This year’s Economist Intelligence Unit (EIU)’s report “ Advanced technologies will revolutionize digital banking”, highlights the role of new technologies in driving the digital transformation in banking. It can help them gain a competitive advantage, as they face the growth of Fintech companies.
The impact of new digital banking technologies
Many experts believe that new digital banking technologies will continue to push them to thrive. 84% of respondents agree that DevOps will drive transformation in core banking, while 81% of banking executives believe a multi-cloud strategy will become a regulatory pre-requisite.
Cloud, microservices, DevOps and APIs technologies are all about allowing agility and flexibility in driving new business models quickly and cost-effectively while ensuring the security of a regulated industry like banking.
So, the challenge for regulators today is not just effective risk and compliance but governing the adoption of these new technologies. Besides, make sure that the consumer’s rights are protected.
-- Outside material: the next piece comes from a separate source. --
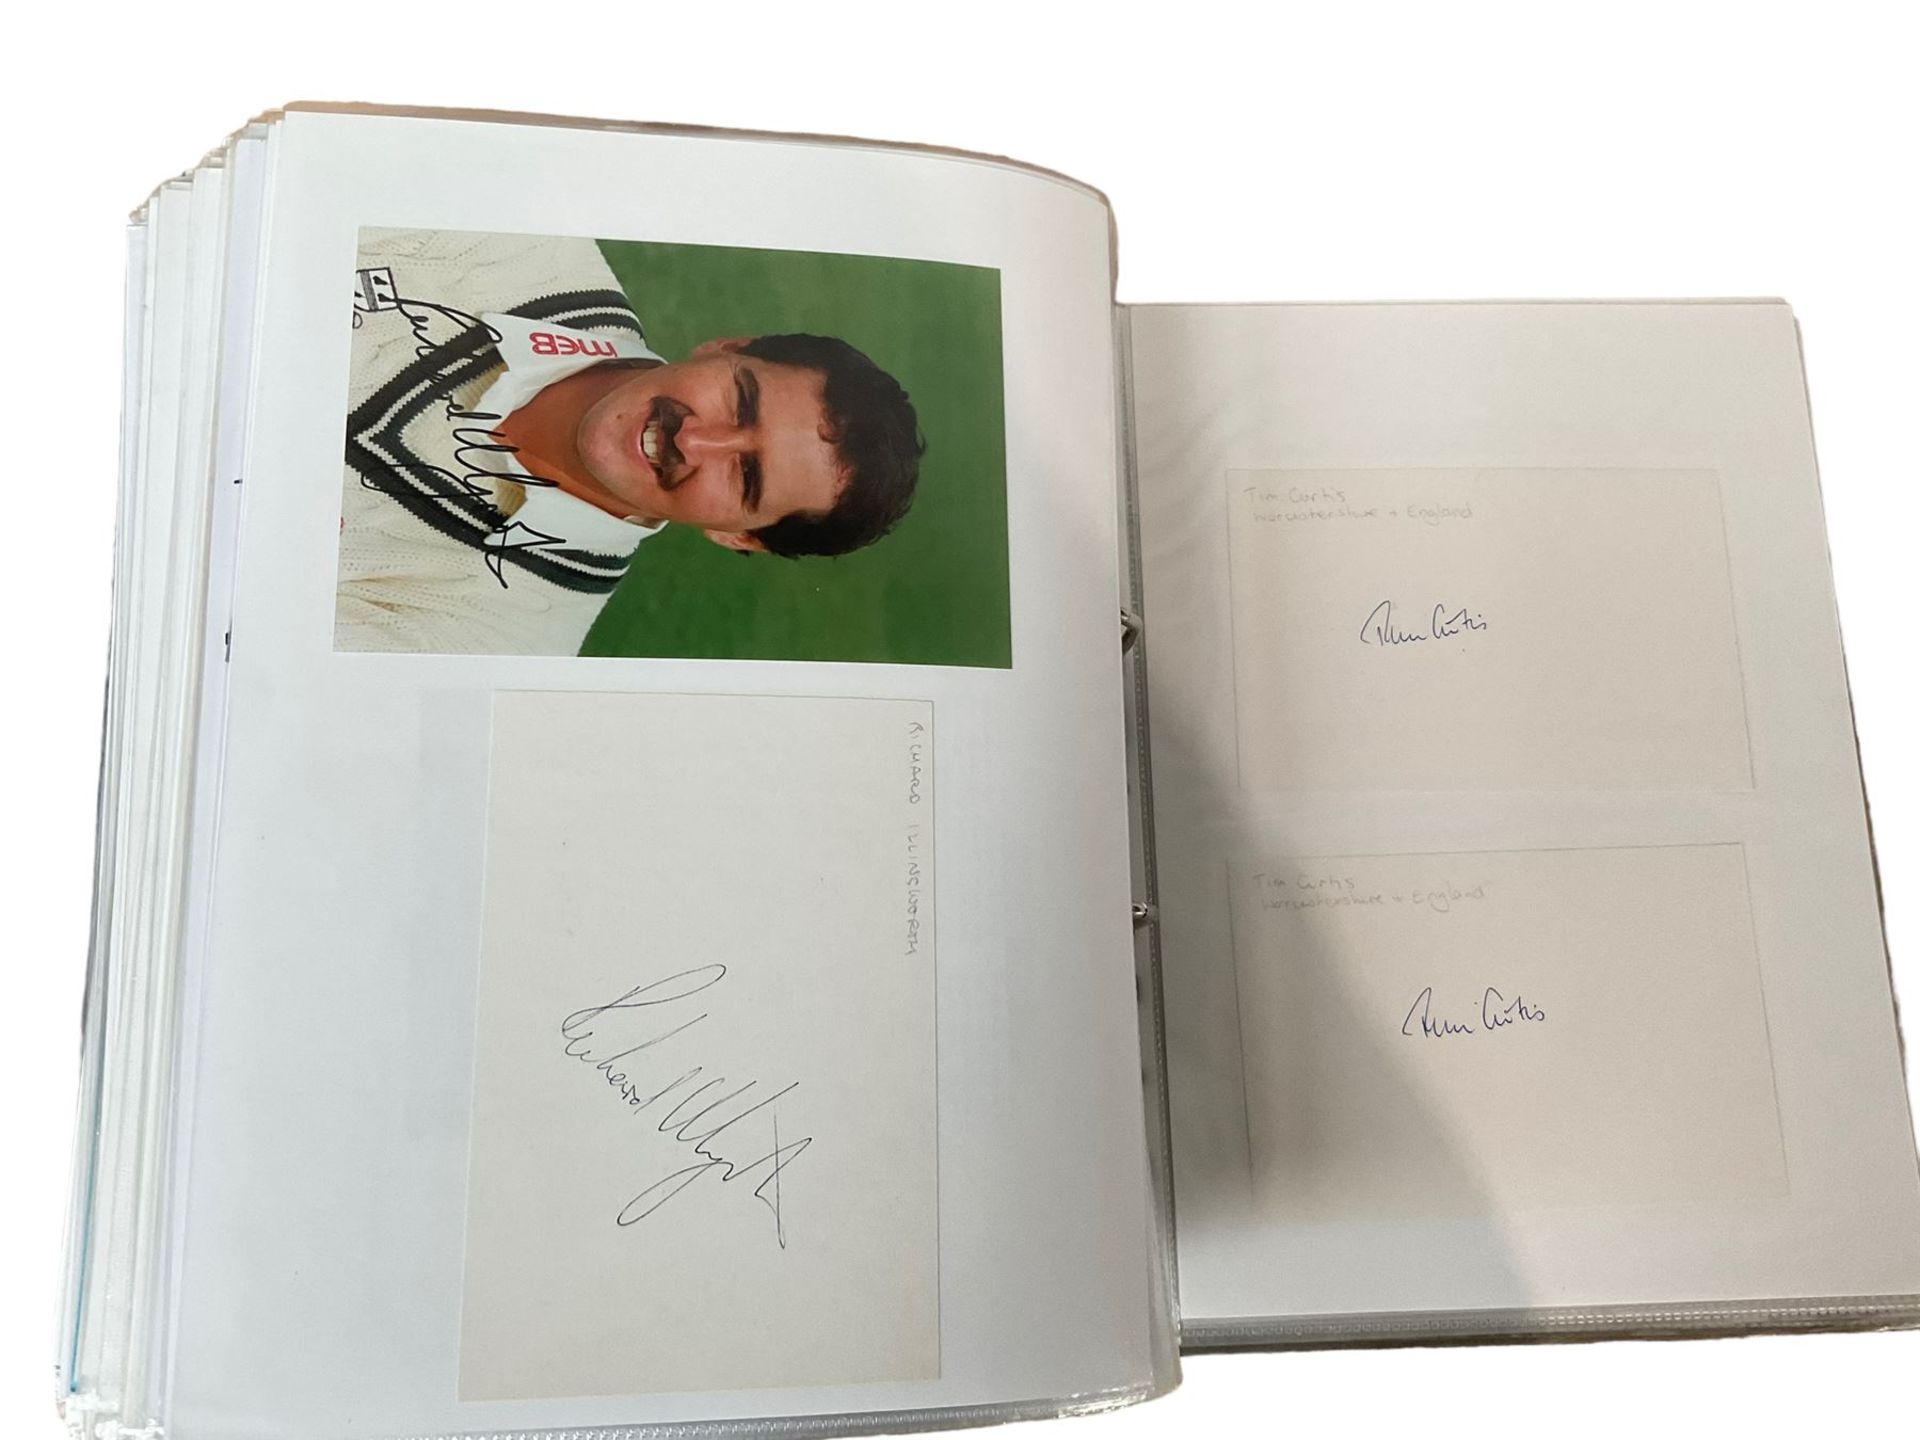 County Cricket - various autographs and signatures including Allan Lamb - Image 9 of 10

Blockchain Technology: A Difficult But Important Transition
In 2020, the banking industry is continuing to embrace the potential of Blockchain technology
While we listed blockchain as a highlight of digital banking technology to watch in 2019, the banking industry was slower than expected to embrace the potential.
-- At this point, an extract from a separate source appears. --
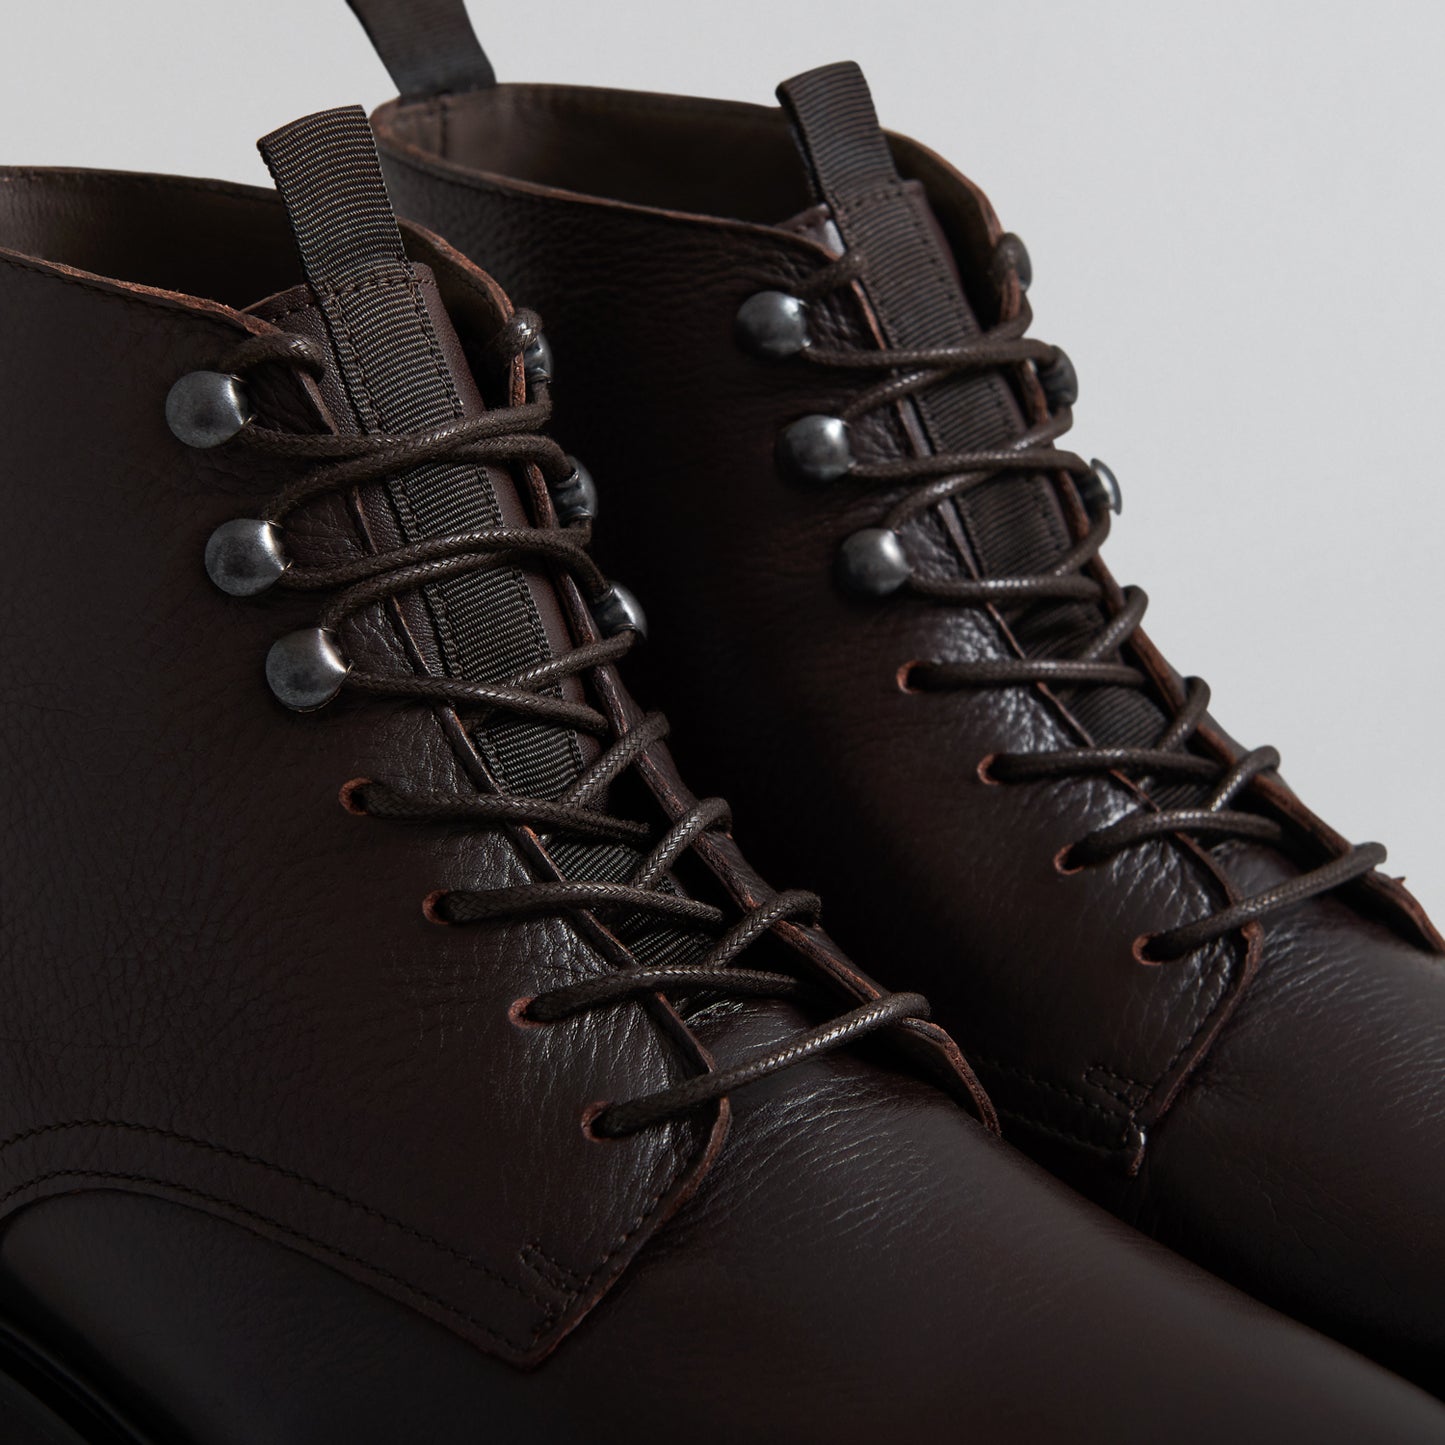 HOLBROOK BROWN BOOT

In this year, more blockchain tests are occurring in retail and corporate banking because it has the ability to improve trust, provide transparency and potentially lower costs, reduce transaction times and improve cash flow.
The initial forays into blockchain will most likely be centered on remittances, KYC/ID fraud prevention, and risk scoring. But, success to the use of blockchain, financial institutions will need to trust between different organizations, with collaboration and the sharing of data. This has been a stumbling block for many organizations.
From Public and Private Cloud to Distributed Cloud
Banks and credit unions began to rely on cloud computing to handle increasing loads of data. Formerly a technology trend to watch, cloud computing has become mainstream, with major players AWS (Amazon Web Services), Microsoft Azure and Google Cloud dominating the market.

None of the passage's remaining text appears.